I didn’t devote any particular thought to my stepsibling. His birth was now approaching; but he remained unreal, like a character from China, which for us meant nothing. It was strange, the idea that in reality he already existed among us, in our h
ouse. My stepmother herself, although she was preparing the layette, never spoke of him, and didn’t even stop to think about him, I’m sure. At times, one would have said she lived almost unconscious of carrying him inside her. The cats, the birds, the beasts, too, when the time for a family arrives, are busy preparing their nests, like creatures preoccupied and inspired, without thinking of the one who commands them.

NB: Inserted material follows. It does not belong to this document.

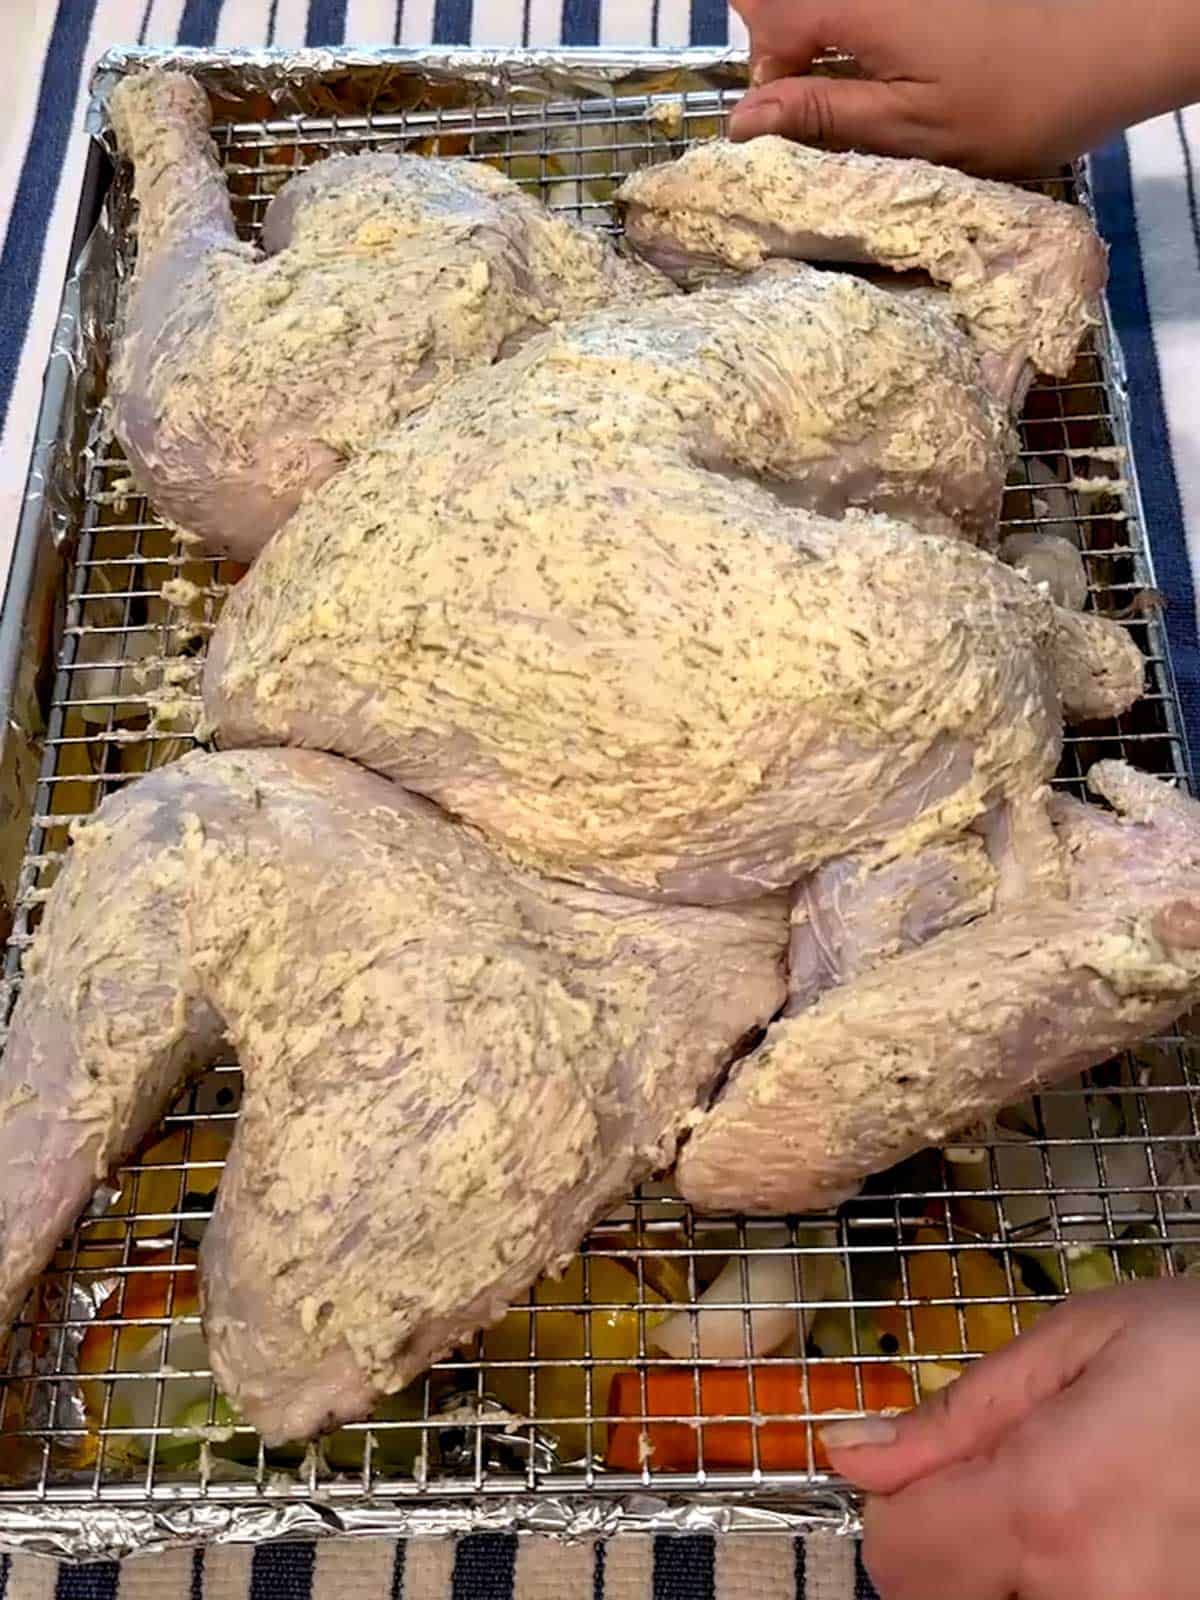 Placing turkey in roasting pan

Autumn. Last News of Algerian Dagger
September had been beautiful but as hot as August; and the first autumnal air, instead of bringing relief to my stepmother, seemed to exhaust her weary blood. Her eyes had become opaque and expressionless, as if the spirit that nourished their splendor were wasting away. And that majesty which a short time before had made her misshapen body almost divine was now becoming a pitiful lethargy. Even her hair had lost its beautiful raven blackness, and looked parched, dusty. She was ugly, terribly ugly; and my mysterious sibling, who made her ugly, was transformed in my thoughts into a kind of monster, or illness, to which she submitted without struggle. Circled by a halo of sadness, with the braids that had come loose from the buns, she moved through the kitchen, and no longer sang as she lit the fire. At brief intervals, she would return to her stool to rest; and maybe, turning on me her opaque, expressionless eyes, she hinted at some topic of conversation: her mother, her sister, her home in Naples . . . Of the time of her engagement, and of her wedding, however, she never said anything; that subject, like God, or my stepbrother, seemed to belong to that mysterious power which can’t be translated into words or even thoughts. Only seldom, and fleetingly, did I hear her name Vilèlm, and sometimes I thought that in some unconscious hint of hers I caught a gleam of his mysterious life outside the island . . . But even then my pride wouldn’t lower itself to show her that her conversation interested me. I would almost have been tempted to ask her some questions, to explore, through her ignorance, the fascinating secrets that she herself couldn’t know . . . But, scornfully, I restrained myself. In fact, I made a show of paying no attention, and even less than to her other subjects. And, as usual, her little voice, discouraged by talking to herself, soon faded.